Sounds like you are looking for work/responding to an ad on craigslist. If so, what did you really expect??? :blink:


----------



## kgphoto (May 9, 2006)

I wouldn't have wasted my time bidding that job. Anyone who asks you to supply a labor and materials break out for the various parts is just looking for ways to cheap you down.

There is some hack out there who can nail two board together who will underbid your best effort, so don't even try.

I just bid installing a single kitchen cabinet. With all the surrounding work that needed to be done, moving electrical, repairing electrical, patching walls, R&Reset D/W, repairing sink, it came to $1500.00. The previous bid was $300.00.

Needless to say, I didn't get the job. I asked if the $300.00 bid covered all the items I mentioned, they said no, but the son said they didn't want to invest $1500 since the lady won't be living there long(80+ years old). Happy Mother's day!


----------



## StickBuild (May 9, 2008)

WilsonRMDL said:


> After reading your posts I took another look at it. I guess I was just taken back at first that someone would consider turning a shed into a home office. Talked to the HO today and he said he said he's going with the lowest bid which was $1500. I couldnt even estimate my materials that low, let alone making any money on this job. I thanked him for his time and thats that. I dont understand why he would tell me what the winning bid was anyway, kind of out of the ordinary.

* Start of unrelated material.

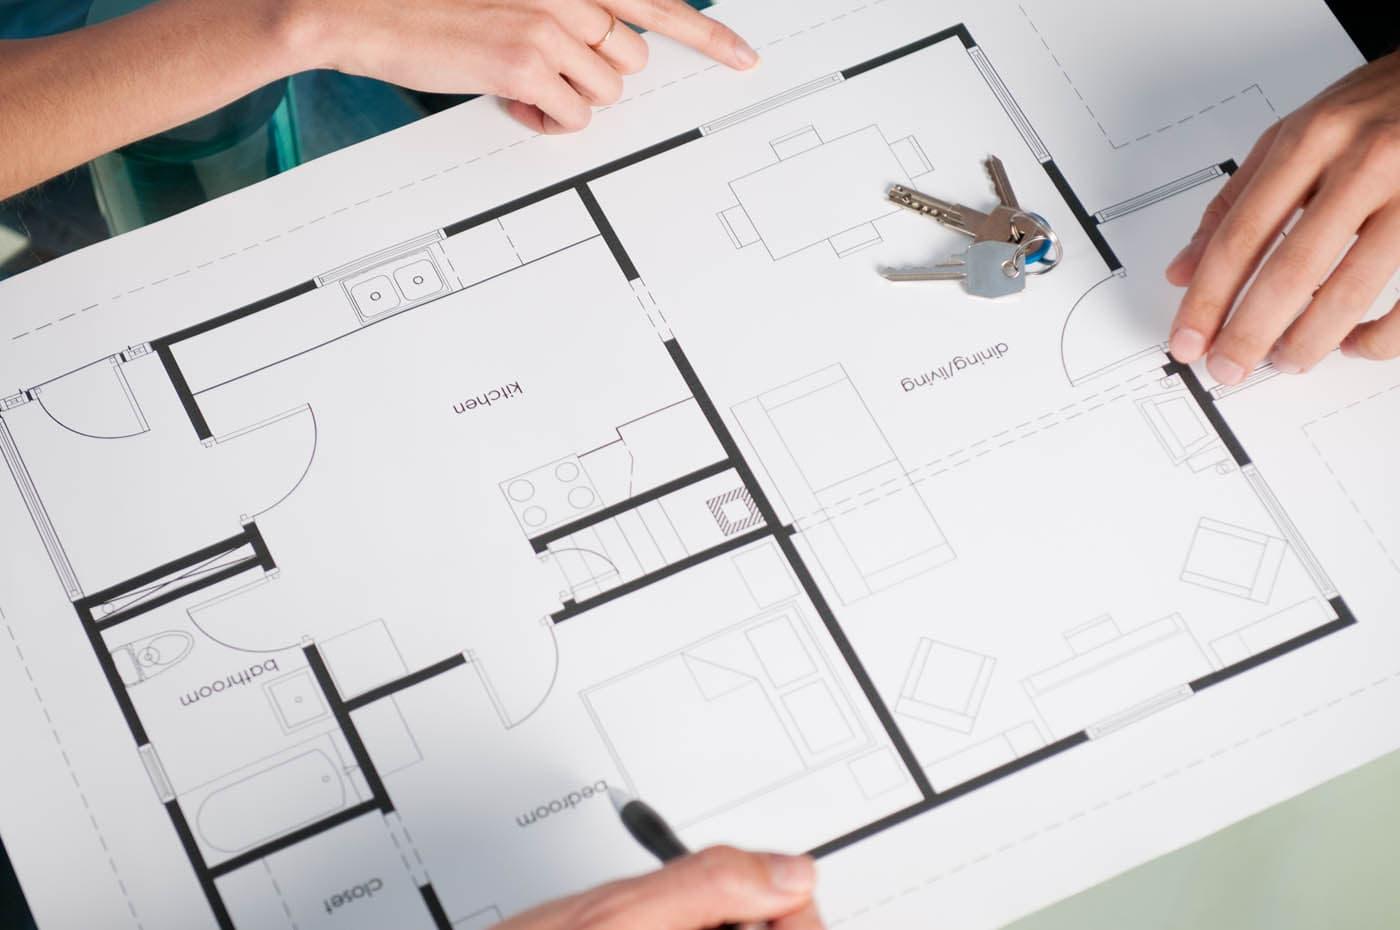 estafa inmobiliaria sobre plano
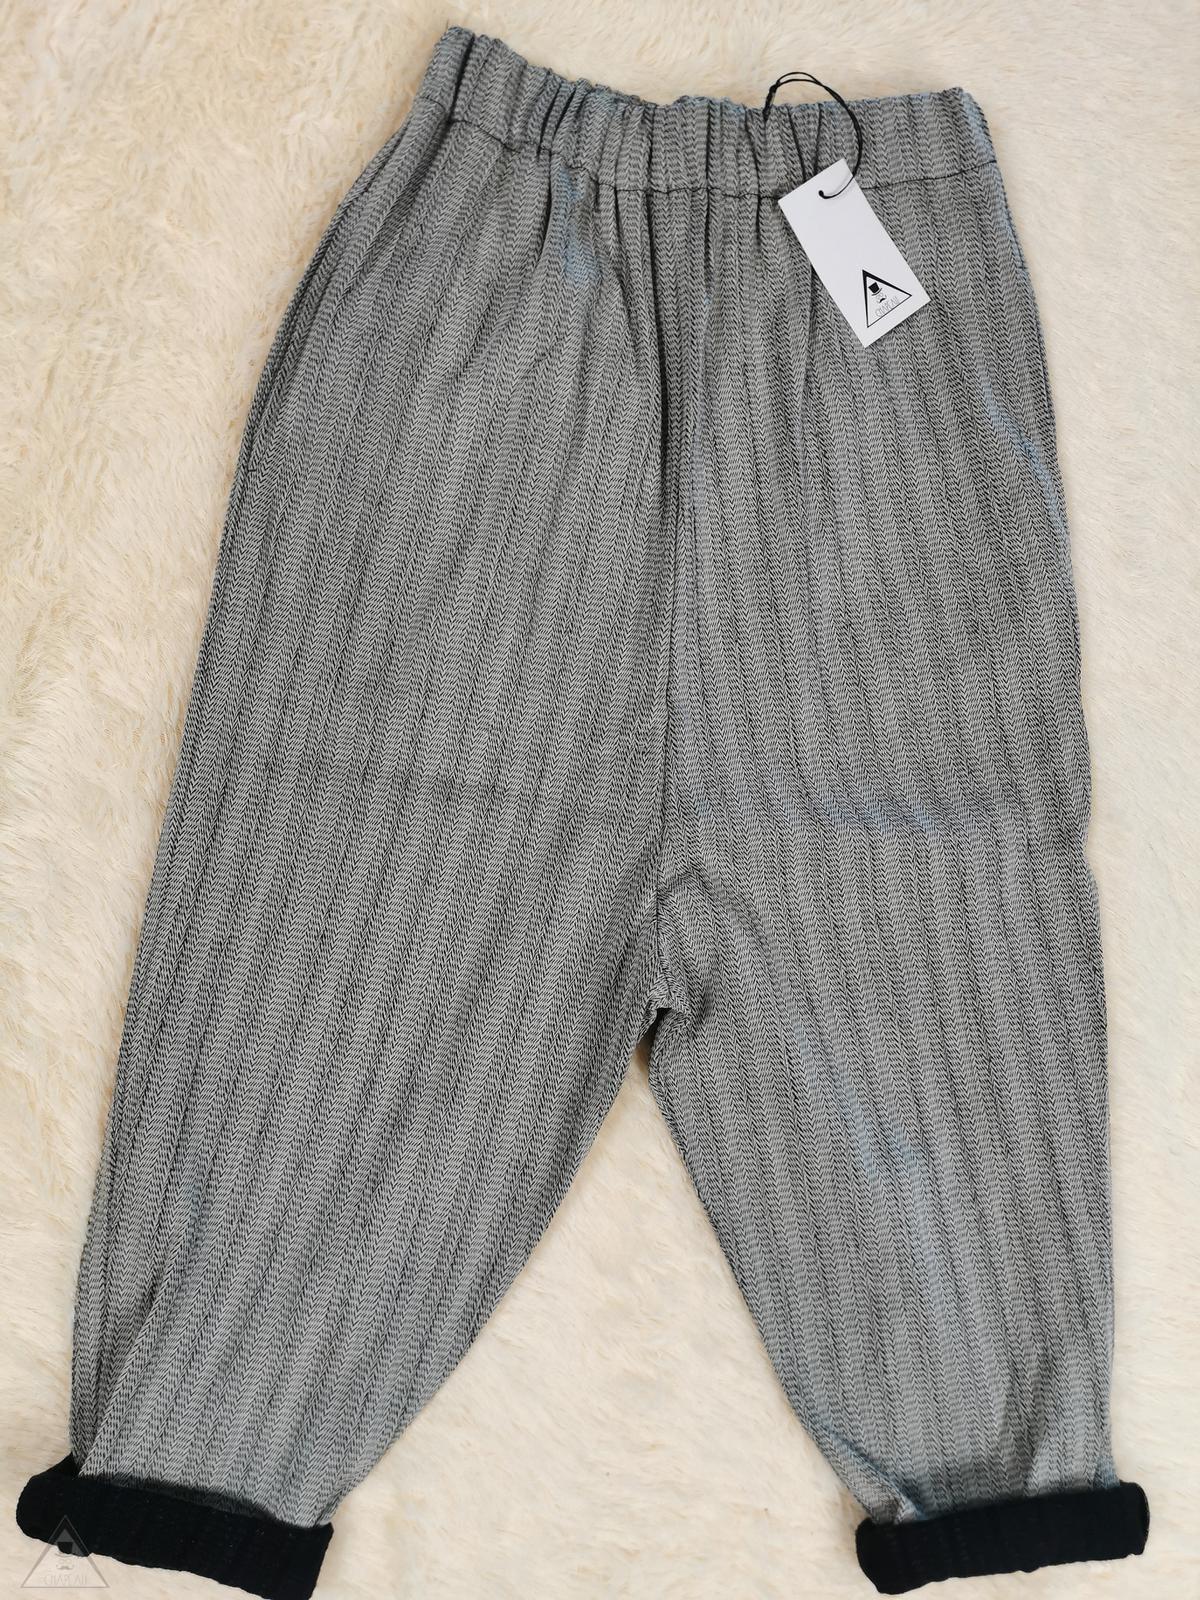 Pantalone cavallo basso Spiga

1500? That is aweful low to me I hate the low ballers. But you get what you pay for. I have done bidding lost to a lower bid the other guy screwed up the place and the HO called me back.. He got top dollar PER HOUR after that escapade and it was costly since the hot tub room wasnt even level on the piers. He called because the windows were working properly. I said how can they with the whole thing out of sqaure or level.
He paid dearly I won't to rehab work like that anymore.


----------